Theorem 7.5 Domain and Range of the Cosine and Sine Functions

The function
- has a domain of $(-\infty, \infty)$
- has a range of $[-1,1]$
The function
- has a domain of $(-\infty, \infty)$
- has a range of $[-1,1]$

Our aim in this section is to become familiar with the graphs of $f(t) = \sin(t)$ and $g(t) = \cos(t)$ . To that end, we begin by making a table and plotting points. We’ll start by graphing $f(t) = \sin(t)$ by making a table of values and plotting the corresponding points. We’ll keep the independent variable ` $t$ ‘ for now and use the default ` $y$ ‘ as our dependent variable.^[3] Note in the graph below, on the right, the scale of the horizontal and vertical axis is far from 1:1. (We will present a more accurately scaled graph shortly.)

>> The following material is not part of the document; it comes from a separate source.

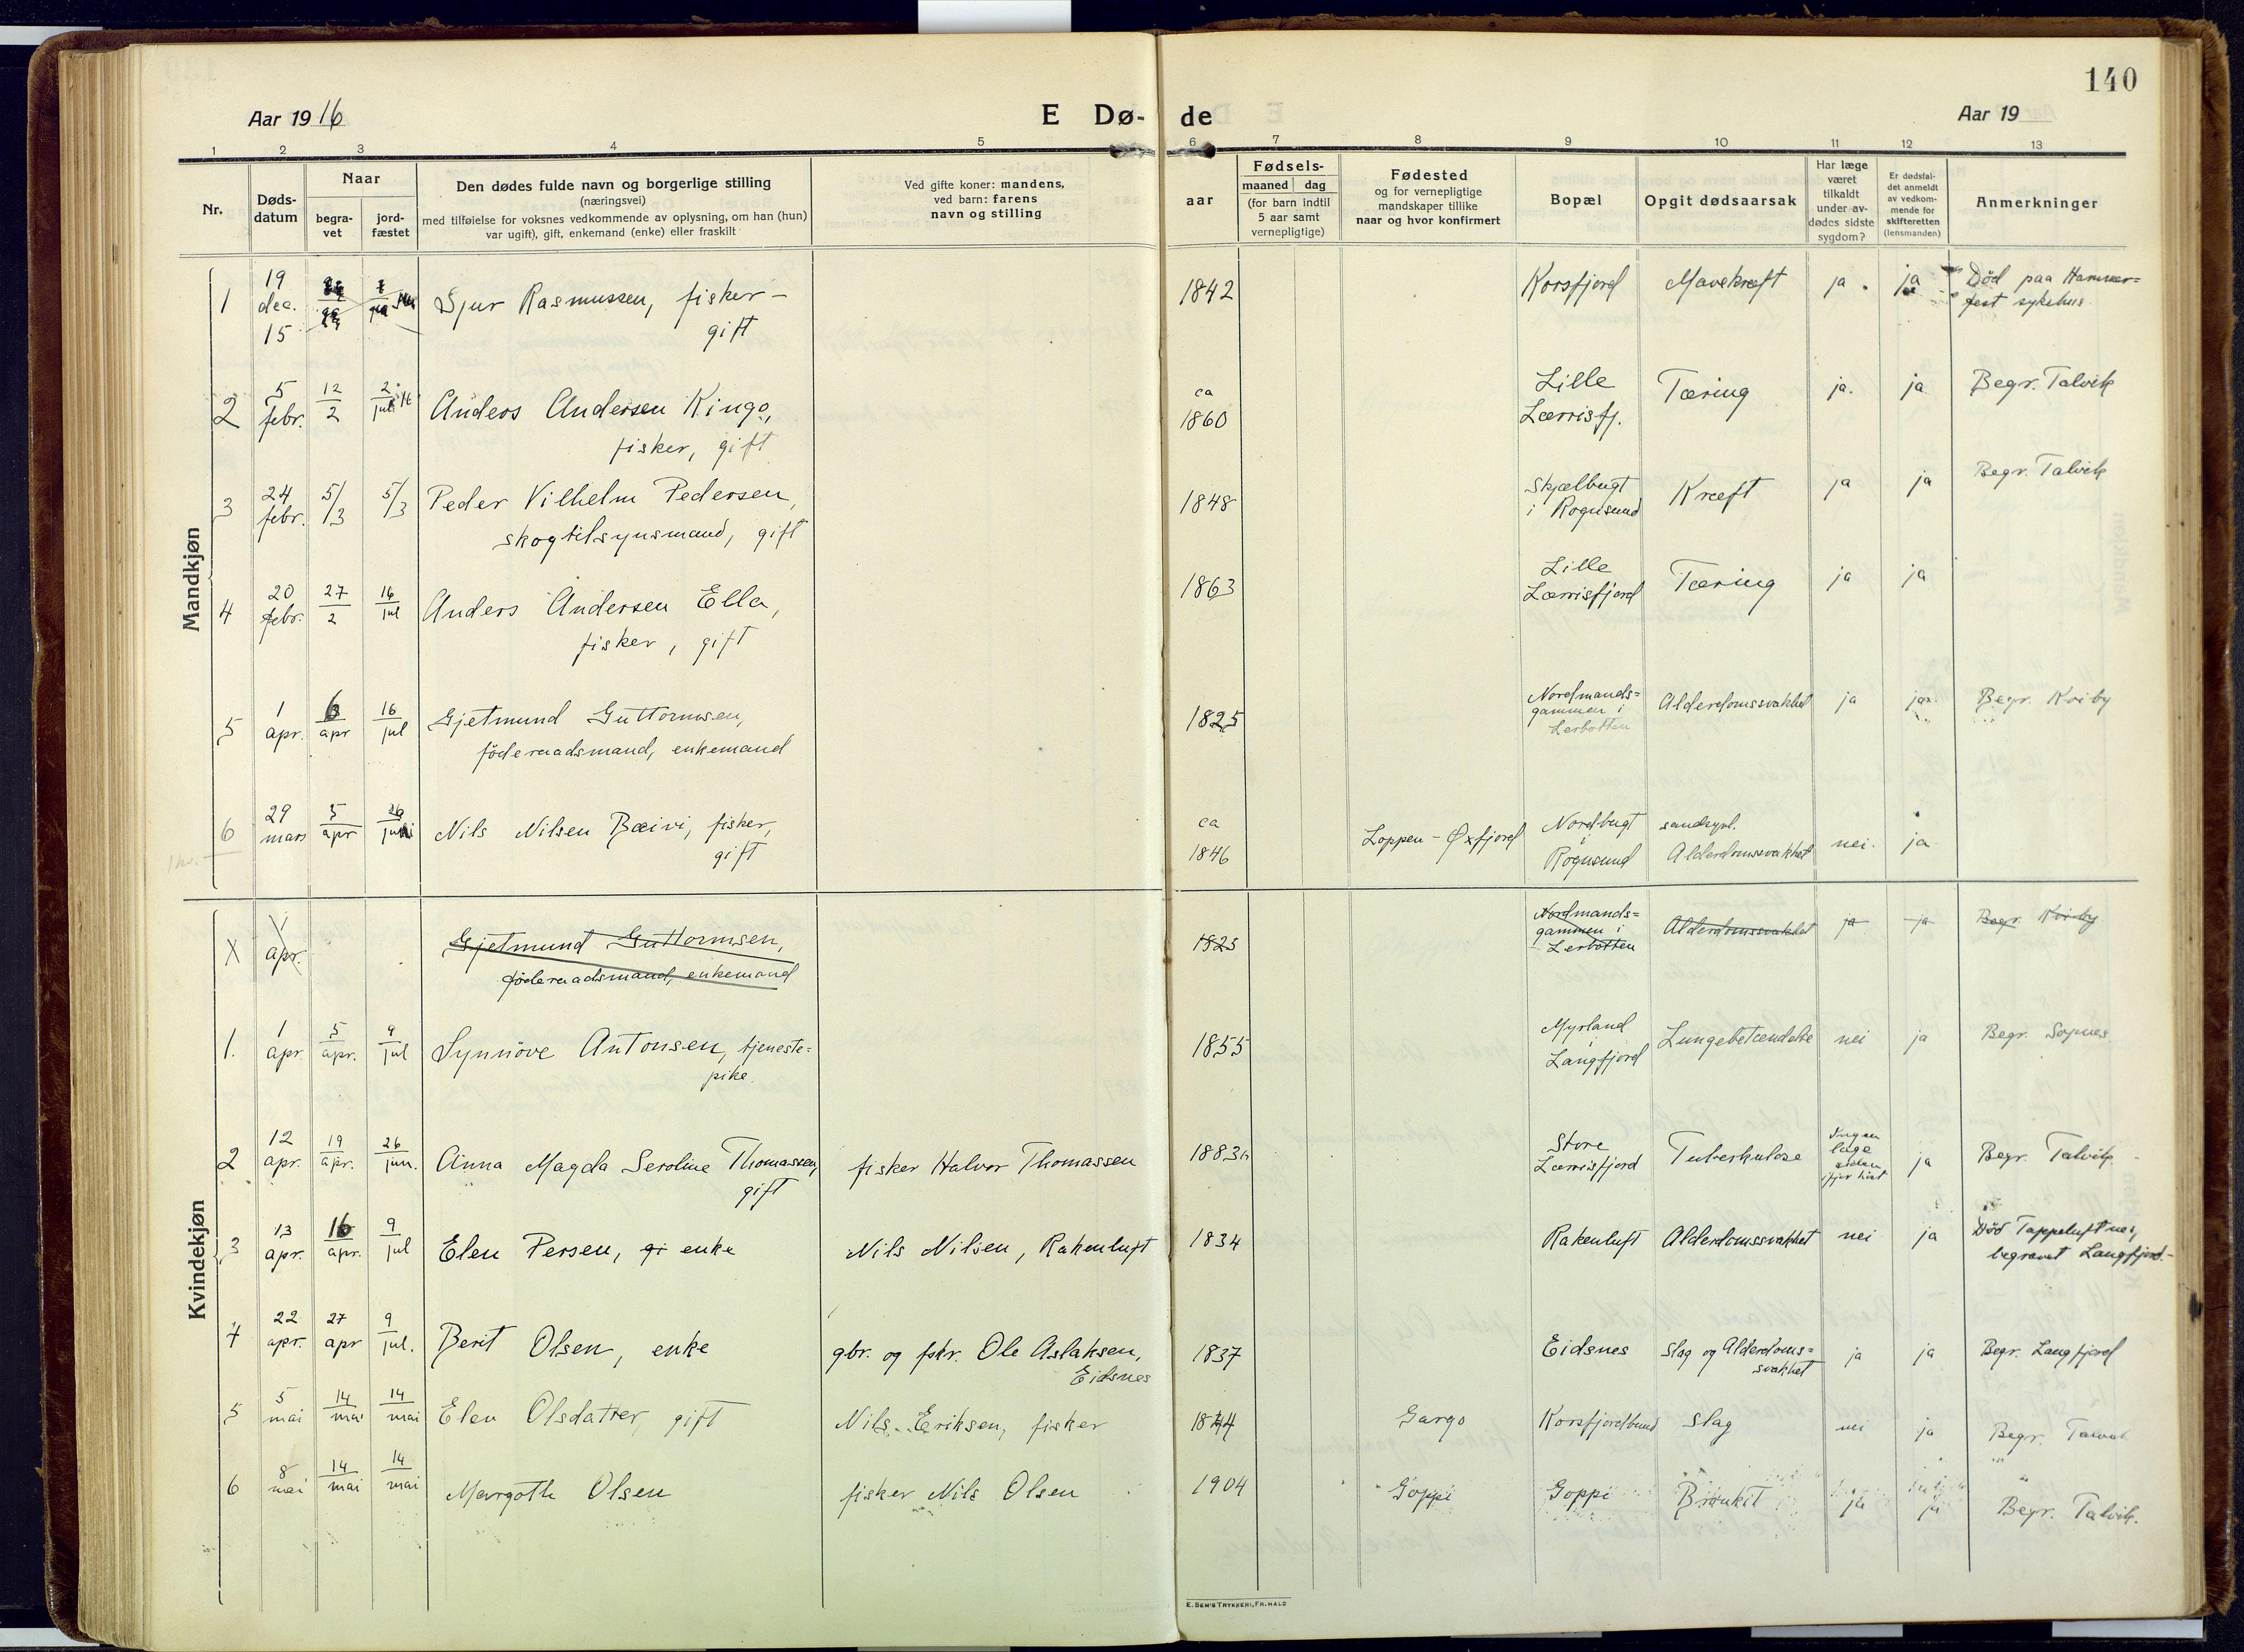 SATØ, Talvik sokneprestkontor, H/Ha/L0018kirke: Ministerialbok nr. 18, 1915-1924, s. 140
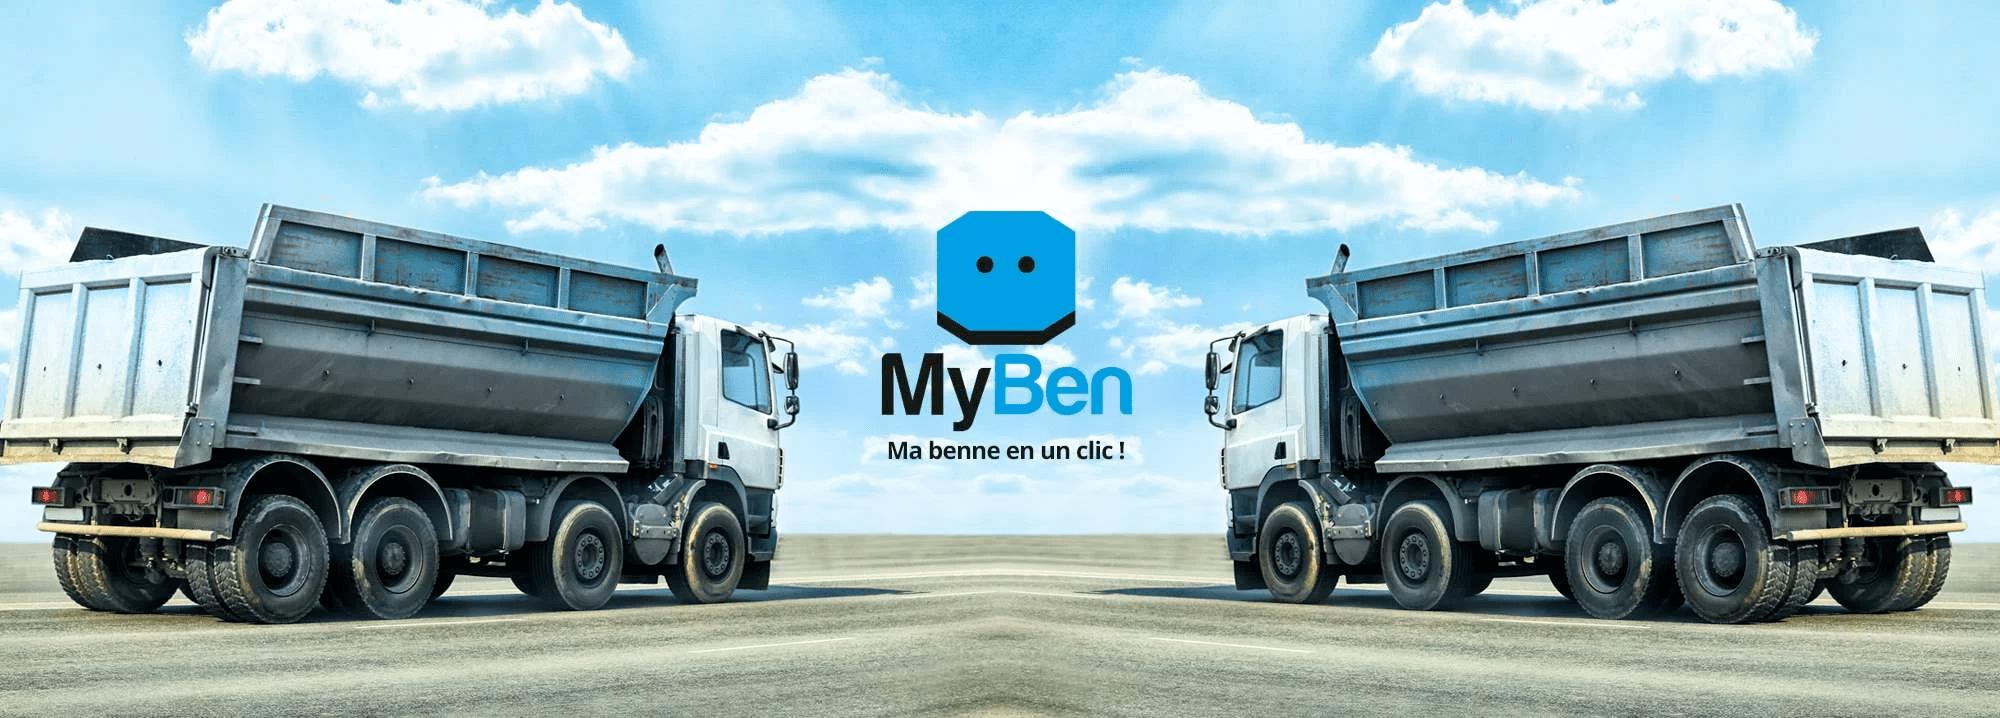 outils-tracabilite-dechets-chantier-myben

$\begin{array}{ccc}\begin{array}{|r||r|r|} \hline t & \sin(t) & (t,\sin(t)) \\ \hline 0 & 0 & (0, 0) \\ [1pt] \hline \frac{\pi}{4} & \frac{\sqrt{2}}{2} & \left(\frac{\pi}{4}, \frac{\sqrt{2}}{2}\right) \\ [1pt] \hline \frac{\pi}{2} & 1 & \left(\frac{\pi}{2}, 1\right) \\ [1pt] \hline \frac{3\pi}{4} & \frac{\sqrt{2}}{2} & \left(\frac{3\pi}{4}, \frac{\sqrt{2}}{2}\right) \\ [1pt] \hline \pi & 0 & (\pi, 0) \\ [1pt] \hline \end{array} & \qquad \qquad & \begin{array}{|r||r|r|} \hline t & \sin(t) & (t,\sin(t)) \\ \hline \frac{5\pi}{4} & -\frac{\sqrt{2}}{2} & \left(\frac{5\pi}{4}, -\frac{\sqrt{2}}{2}\right) \\ [1pt] \hline \frac{3\pi}{2} & -1 & \left(\frac{3\pi}{2}, -1 \right) \\ [1pt] \hline \frac{7\pi}{4} & -\frac{\sqrt{2}}{2} & \left(\frac{7\pi}{4}, -\frac{\sqrt{2}}{2}\right) \\ [1pt] \hline 2\pi & 0 & (2\pi, 0) \\ [1pt] \hline \end{array} \\ \end{array}$

The graph of y equals sine of t. The graph has a horizontal axis which counted by pi/4 and goes from 0 to 2 pi. The y axis counts by 1 and goes from -1 to 1. The curve starts at (0,0) and then increases to 1 at pi over 2, back to 0 at pi, down to -1 at 3 pi/2 and back up to 0 at 2 pi. The curve is smooth and continuous. — One Cycle of the Sine Function

If we plot additional points, we soon find that the graph repeats itself. This shouldn’t come as too much of a surprise considering Theorem 7.3. In fact, in light of that theorem, we expect the function to repeat itself every $2\pi$ units. Below is a more accurately scaled graph highlighting the portion we had already graphed above. The graph is often described as having a `wavelike’ nature and is sometimes called a sine wave or, more technically, a sinusoid.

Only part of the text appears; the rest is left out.